花云淺看著眼前的云瑯,盡管風很涼,可是她的心是暖的。一如三月的風,也如那平靜的湖面,給了她一份安逸。
“不是我傻,娘親教過我一個道理,若是喜歡一個人,那便要真心的去待她,不管是不是值得,只要對得起自己的心,只要做的問心無愧便可。就如同我待你,我是喜歡你的,自然為你做任何事我都愿意,只要你開心,我便開心。”
云瑯說著說著,自己的臉頰也跟著緋紅起來,他從來沒有當著花云淺的面說出自己的心里話,如今全部已經兜了底。說完他已經不好意思再看著花云淺,也害怕得到花云淺一個否定的回答。
花云淺正要說什么,便又被云瑯打斷了。
“其實我說這些,你也不要有壓力,我只是作為你的朋友的那種喜歡,你可千萬不要想的太多,我知道其實你的心里一直都放不下他的,那天他也來找過我。”云瑯不由得說起了那天的事情。
而這件事,也正是花云淺所想知道的,畢竟凌楓霆并未說起什么原委。
“恩恩,我知道的。你剛剛所說的是什么時候的事,是那日凌楓霆受傷回來之時嗎?”
“正是,當時我們便已經約定,他若待你不好,我定會要他好看。如今看來,他待你并沒有我想象的那般好。”云瑯還是將那句話藏在了心里,他曾清楚的記得自己和凌楓霆說過,若是凌楓霆待她不好,他會隨時從他的身邊帶走她現在看來,答案一切都明了了。
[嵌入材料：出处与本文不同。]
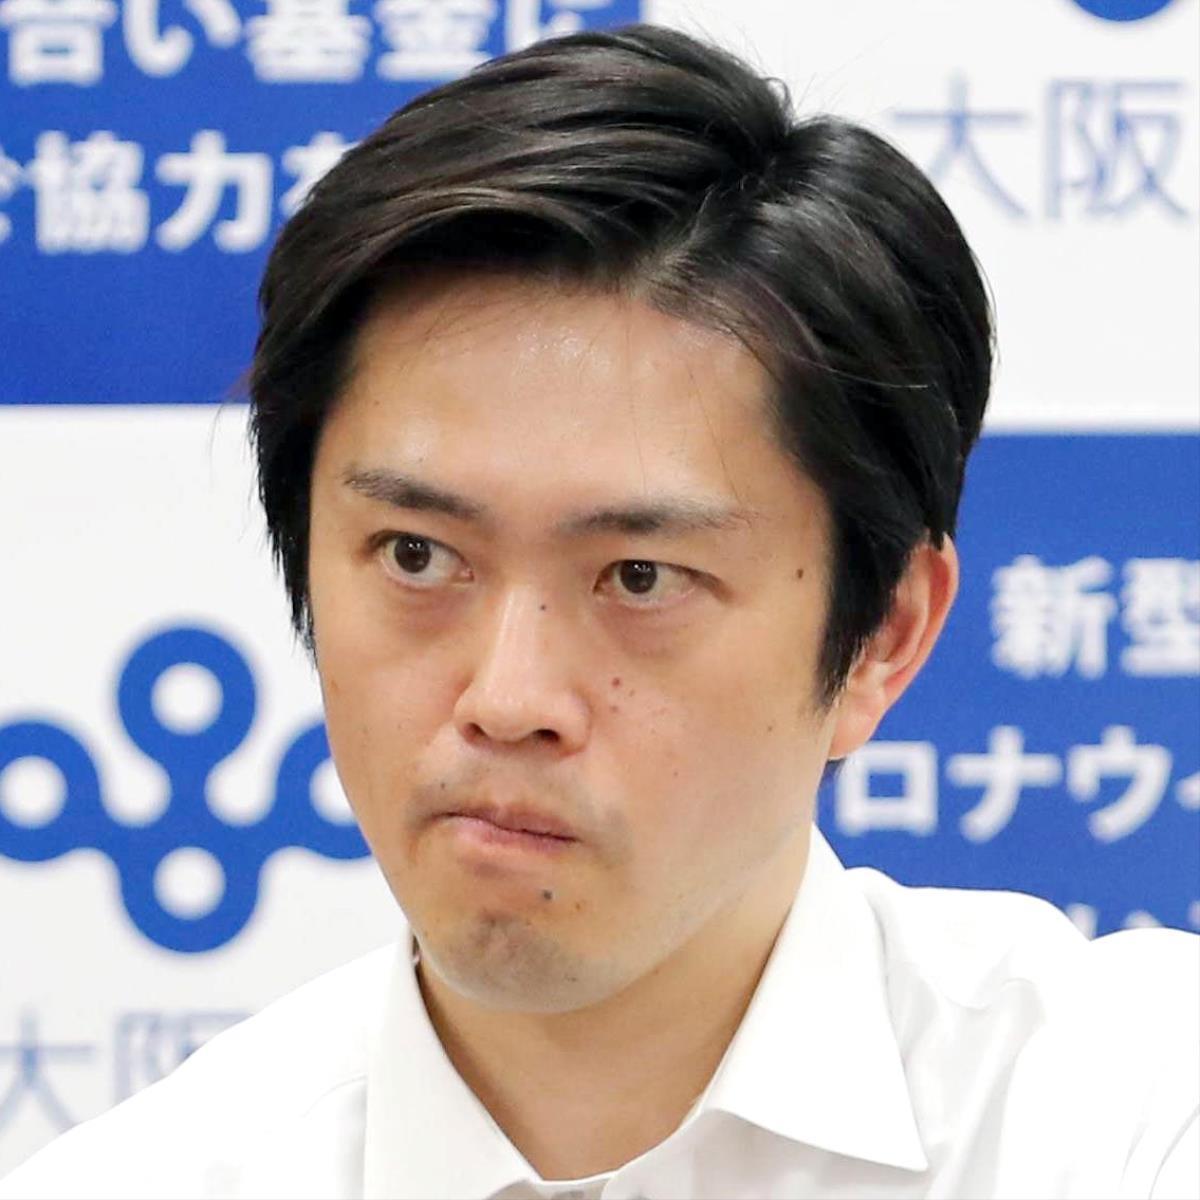 知事 年齢 吉村 大阪[吉村知事]は結婚してる?経歴やプロフィール(年齢)も意外だった!

“那日,他為何會去找你?”花云淺也始終是未想明白,到底是發生了什么,才會讓凌楓霆去找云瑯,且回來之后,更是受了那般的傷,他凌楓霆不是那么容易受傷的人呢。
“他來找我,問我和你是什么關系,我便和他爭了幾句,比試了一番,這才使得他受了傷。云淺,你不會怪我吧?
云瑯說著也是小心翼翼的,生怕花云淺會多想,畢竟他認為她的心里始終愛的是凌楓霆。
“哪里的話,這是你們之間的事情,我有什么理由去怪你呢?”雖然花云淺嘴上這樣說著,可是她的心里如今更是痛極了。
說什么,她才是他心中唯一的念想,現在看來,不過是一場笑話。他為了王素,可以不惜用自己的仕途和性命去賭,可唯獨對自己還只字未提,他當真是把她當成傻子了,而且還跑去問云瑯,她愛不愛他,這讓她的心里更多了一層陰霾。
“好了,云淺,別為這么些事傷心了,如今我們已經來了這里,便好好想想該如何到那密室里去,而且我們得時時注意力集中才是,莫要丟了性命,不然如何去找那郡主呢?”
看著花云淺優思,云瑯的心里也不好受,他想著讓花云淺不再去想那些傷心的事情,畢竟他們之間,還是有很多美好的事情可以聊的。
“恩恩,是應該放下之前的一切。我們且去看看。”花云淺說著說著,已經和云瑯來到了太妃昔日住的地方,屋中因著潮濕,早就生了霉味,除了能看出來桌子還時常有人擦過,再未看到過有半分的人氣。
“這里應該是除了打掃之人,便未曾來過其他人了。真是時過境遷,和那時相比差異甚大。”
花云淺記起,每每來到那太妃所住的殿宇,太妃時常待她如自己的孩子一般,雖是有些瘋瘋癲癲的,可也覺著親切,如今屋中的蠟燭早就熄滅,也沒了一點點光。即使是在大白天,也感覺屋子里黑漆漆的。
“云淺,小心著些。聽聞之前這里是有暗器的,莫要傷了自己。”
云瑯早就對這里做過一些打探,也是聽聞過一些可怕的傳言的,如今來的時候,自然是要時時的提醒著花云淺。
“沒關系,這里我曾來過多次,這里的一切,我都深感熟悉。或許,郡主曾經就站在我這個位置,想著找我回來吧。”
花云淺正說著的時候,她感覺到了身體里的一股神奇的力量,似乎在指引著自己。而且冥冥之中,那股力量似乎就是小萬一般。他或許還在守護著自己,即使當初化作了四魂石碎片,卻也時時護著她。
“云淺,你這是怎么了??”看著花云淺突然站住,而且眉頭也是緊緊的皺著,更是望向了一處,他的心里有一絲絲的驚慌。